> **Input data**:

====

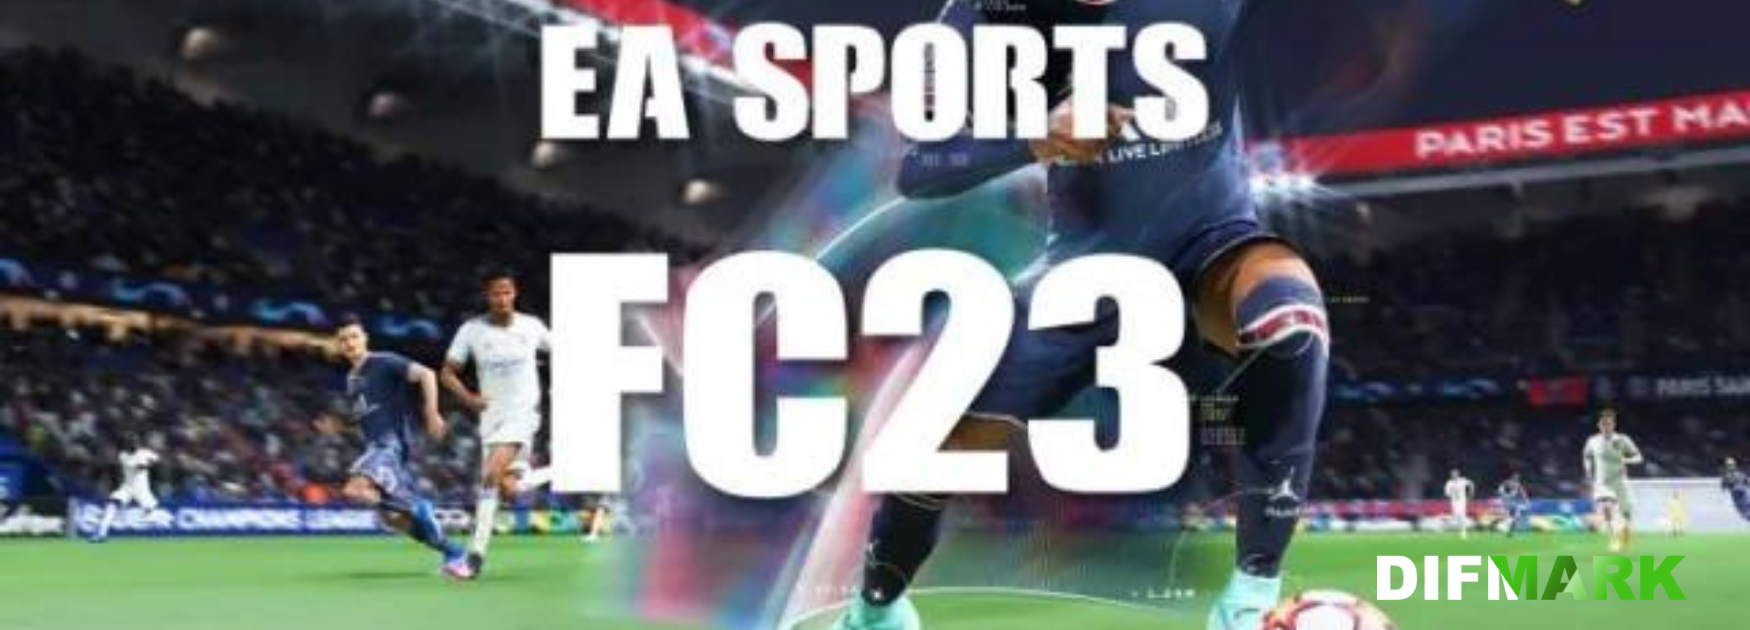 EA heeft besloten om FIFA te hernoemen naar EA Sports Football Club
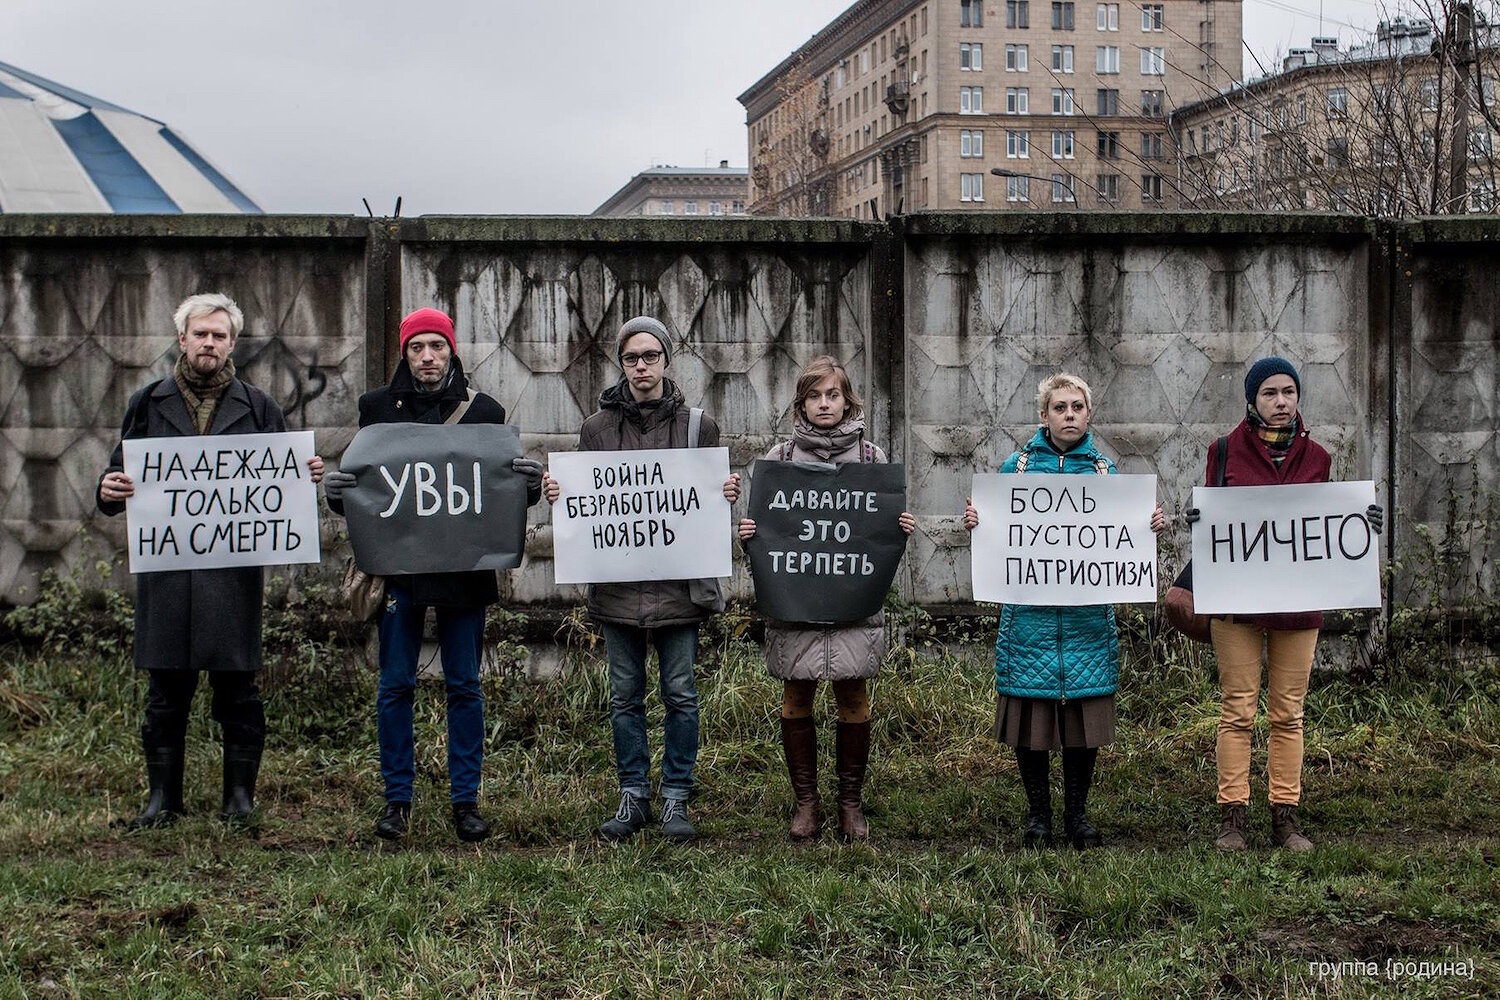 <p>1 ноября. Санкт-Петербург, Россия.&nbsp;Активисты отметили начало ноября депрессивной демонстрацией под лозунгом &laquo;Война &mdash;&nbsp;безработица &mdash;&nbsp;ноябрь&raquo;.</p>
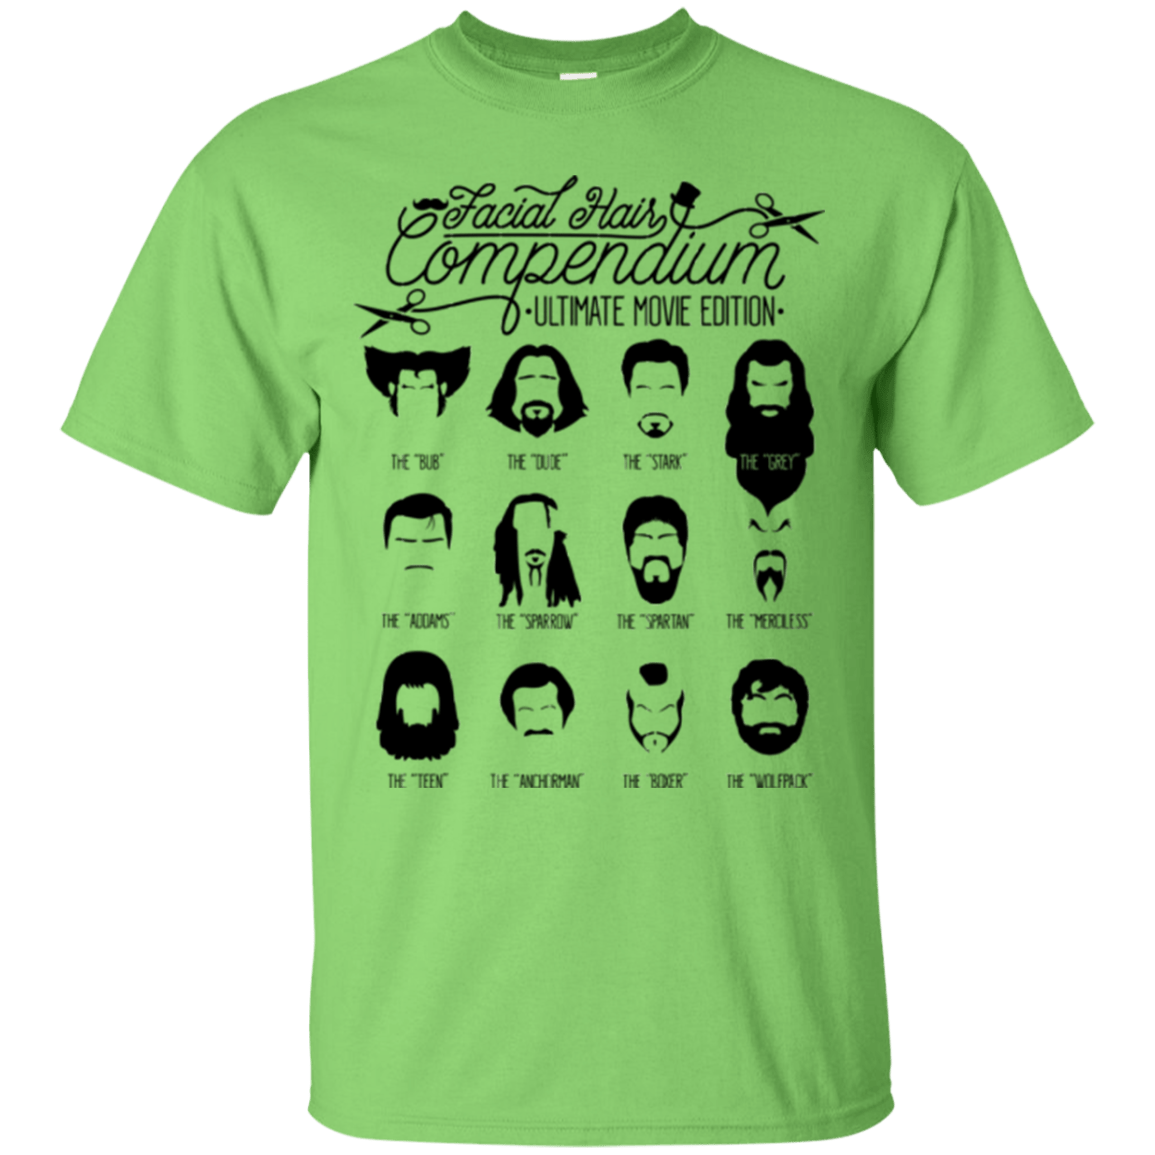 The Movie Facial Hair Compendium T-Shirt

====

Every line of the material must be returned verbatim, and pictures must be left behind.

 EA heeft besloten om FIFA te hernoemen naar EA Sports Football Club
 <p>1 ноября. Санкт-Петербург, Россия.&nbsp;Активисты отметили начало ноября депрессивной демонстрацией под лозунгом &laquo;Война &mdash;&nbsp;безработица &mdash;&nbsp;ноябрь&raquo;.</p>
 The Movie Facial Hair Compendium T-Shirt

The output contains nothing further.